Third Parties.  In the news, you may have heard about controversy surrounding AI learning that entailed unauthorized use of authors’ materials.  Content generated by AI may include unlicensed materials, thus putting an organization at risk. Any third-party materials used by an organization should be done so with prior permissions in place and attributions.   

AI-Generated Content.  US Copyright law protects materials created by humans. Non-humans, such as AI tools, are not regarded as authors.
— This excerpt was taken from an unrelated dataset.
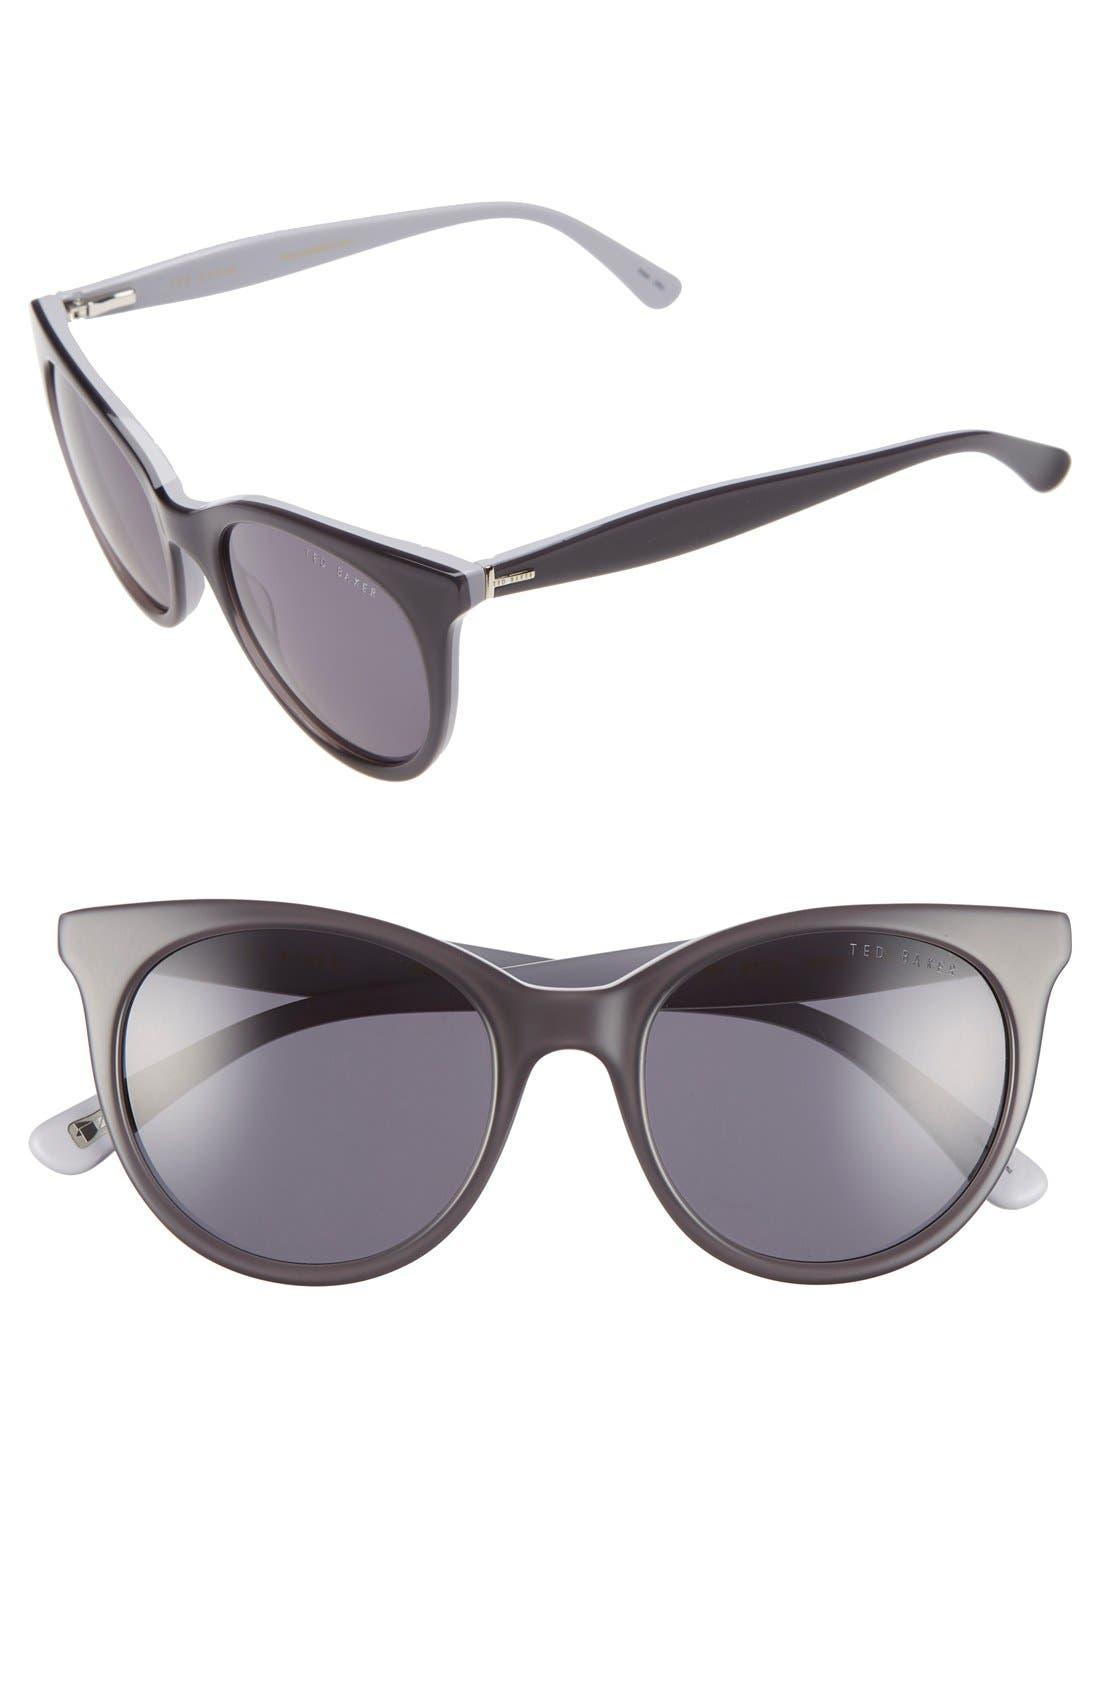 51mm Cat Eye Sunglasses,                             Main thumbnail 1, color,                             020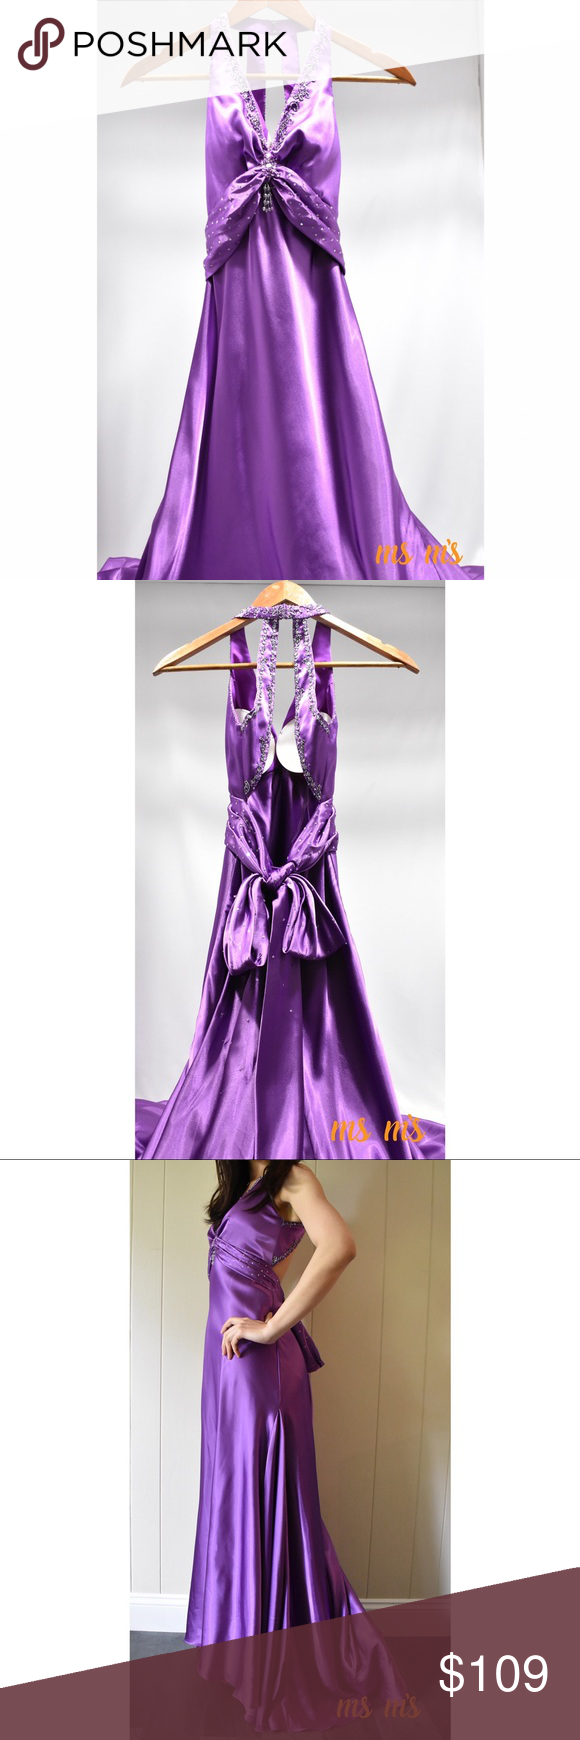 MoriLee by Madeline Gardner Porm dress US:1/2 EXCELLENT condition ...

Works that are a joint effort between a human and AI tool may present issues in obtaining copyright protection and even may not be copyrightable.  This are of law is still evolving and organizations are encouraged to seek guidance from legal counsel regarding intellectual property rights and ramifications.   

AI Joint Works.  AI outputs can contain errors, “hallucinated” information, or inapplicable information.  Employees should be required to review any work generated or edited by AI and revise the work as needed.  Essentially, AI is a tool to support employees’ work:  The organization is responsible for the final work product. 

Attribution.  Use of AI requires attribution.  Examples of attribution disclosures provided by the Commonwealth of Massachusetts include: 

·         This memo was summarized by [generative AI Tool] using the following prompt: “Summarize the following memo: (memo content)”.

·         The summary was reviewed and edited by [insert name(s)].

·         This code was written with the assistance of [generative AI tool]. 

(Excerpt from:  “Enterprise Use and Development of Generative Artificial Intelligence Policy,” MA Executive Office of Technology Services and Security, Enterprise Privacy Office, effective 1/31/25, page 5, Sec. 5.2.  Note that this Policy establishes requirements applicable to “all state employees, contractors, consultants, vendors, and interns, including full-time, part-time, or voluntary…”  Policy at page 2, Sec. 2.1.) 

Questions to consider include: 

·         Are employees putting the organization at risk by entering confidential, sensitive, or unauthorized information into AI tools?

·         Are employees proofreading and editing any content drafted using an approved AI tool?  If the AI tool generates “hallucinated” or otherwise inappropriate content, it is the responsibility of the organization and its employees to identify, delete, and correct such information.

·         Is your organization creating material that it intends to copyright?  If so, the use of AI can pose an issue in obtaining copyright protection and the organization may want to consult intellectual property counsel.  

Recommendations:

-          Develop AI Policies and Procedures, which reflect how the AI tool is being used, define what is an allowed use, and also define what is a prohibited use;

-          Hold periodic employee training sessions;

-          Engage in cross-functional discussions as to how to safely but effectively use AI tools while mitigating risk to the organization;

-          Have a top-down approach to privacy, security, and AI, where an informed board of directors takes the lead for the organization;

-          Ask collaborators and third-party service providers for their AI Policies, especially if hiring is outsourced;

-          Keep up to date. This is a new area of the law, and laws and regulations are changing rapidly.